March 9, 2026
As Groupon (GRPN) prepares to release its fourth-quarter earnings after the market close on Tuesday, March 10, 2026, a palpable sense of cautious optimism is building on Wall Street. While the company has faced well-documented headwinds in recent years, the upcoming report offers a compelling narrative of a company in transformation, potentially setting the stage for a significant re-rating of the stock.
With analysts forecasting an earnings per share (EPS) of $0.04 for the quarter, according to data from Public.com, the focus is shifting from past losses to future profitability. Here’s why investors should be watching Groupon’s report this week as a potential turning point.
1. The “Last Mile” of Turnaround
Groupon has been on a multi-year journey to streamline its operations, moving away from its legacy “daily email” clutter toward a more curated, high-value marketplace. The upcoming report is expected to show that this strategy is finally paying off. Despite a loss in Q3 2025, management has consistently signaled that 2025 was a “transition year.” The Q4 report, which includes the critical holiday shopping season, is expected to be the moment where the top-line stabilization becomes evident and the bottom-line improvements (led by cost-cutting measures) shine through.
2. The Bullish Case: A Split Street with Upside Potential
Perhaps the most intriguing aspect of Groupon’s current setup is the divergence in analyst opinion. According to data from MarketBeat, the stock holds a consensus “Hold” rating, but the distribution tells a story of high conviction on both sides. With 2 sells, 1 hold, and crucially, 3 buy ratings, there is a significant bull camp that believes the risk/reward is now asymmetrical.
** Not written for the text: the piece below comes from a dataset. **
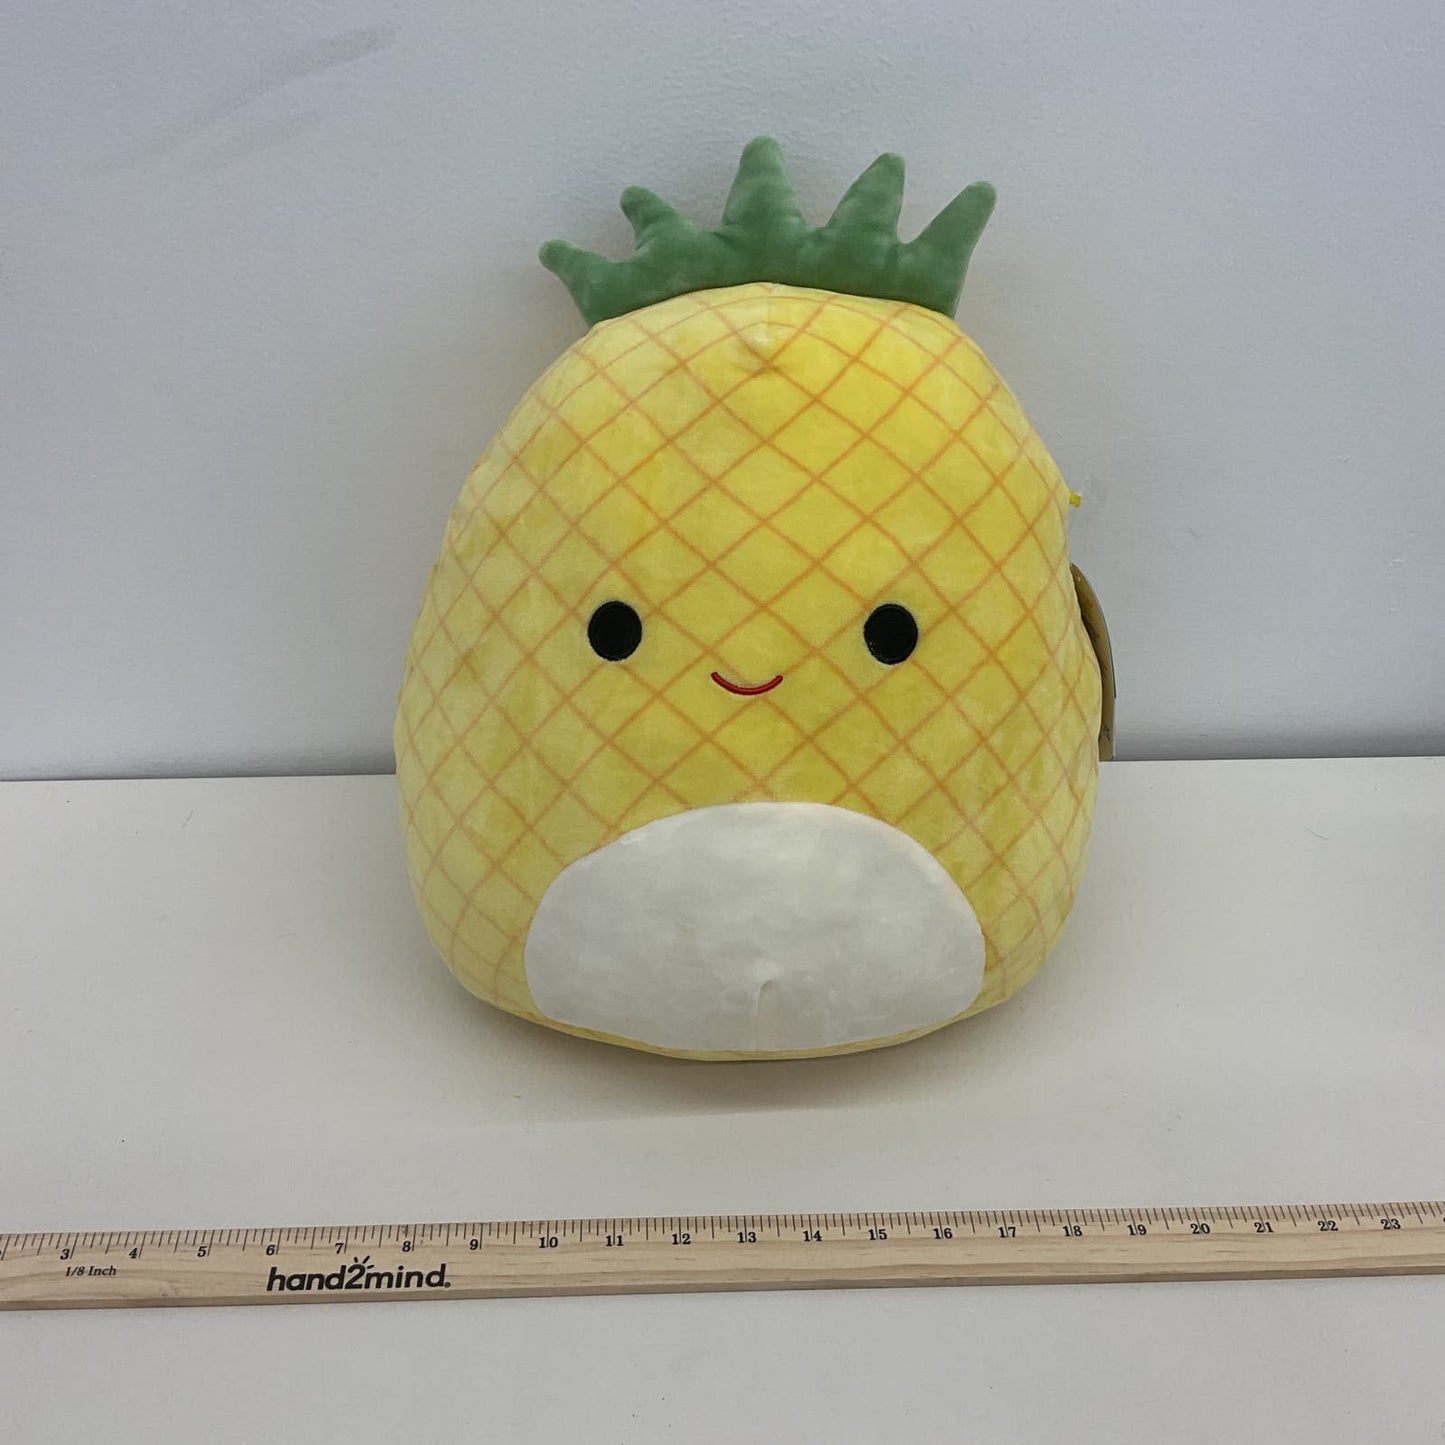 NWT Squishmallows Soft Cuddly Yellow Pineapple Plush Pillow Toy 14" Tall - Warehouse Toys

These bullish analysts aren’t just looking at past performance; they are forecasting a substantial potential upside for the stock. For contrarian investors, this setup is ideal. The “Hold” consensus suggests the stock isn’t overhyped, while the presence of multiple “Buy” ratings indicates that those digging deepest into the fundamentals see a catalyst on the horizon.
3. The Conference Call: A Catalyst for Clarity
The real action won’t just be in the numbers released on Tuesday afternoon, but in the conference call scheduled for Wednesday, March 11, at 8:00 AM ET. Investors will be listening intently for management’s commentary on consumer health, local merchant demand, and the trajectory for 2026.
If Groupon can deliver a “beat and raise”—surpassing the $0.04 EPS estimate and issuing optimistic forward guidance—it could trigger a wave of buying pressure from institutions that have been waiting on the sidelines for proof of a sustainable turnaround.
4. Valuation Perspective
Currently trading with a “show-me” story attached, Groupon’s valuation likely doesn’t fully price in a return to normalized profitability. Should the Q4 report demonstrate that the company has found a stable floor for revenue and is successfully leveraging its operating expenses, the stock could be due for a multiple expansion.
The Bottom Line
While the ghosts of Q3’s miss linger, the fourth quarter offers Groupon a chance to write a new narrative. The combination of a streamlined business, a holiday quarter boost, and a split in analyst ratings that highlights untapped optimism creates a high-stakes, high-reward scenario. For investors willing to look past the old narrative, Tuesday’s report could be the first glimpse of the new, leaner, and more profitable Groupon.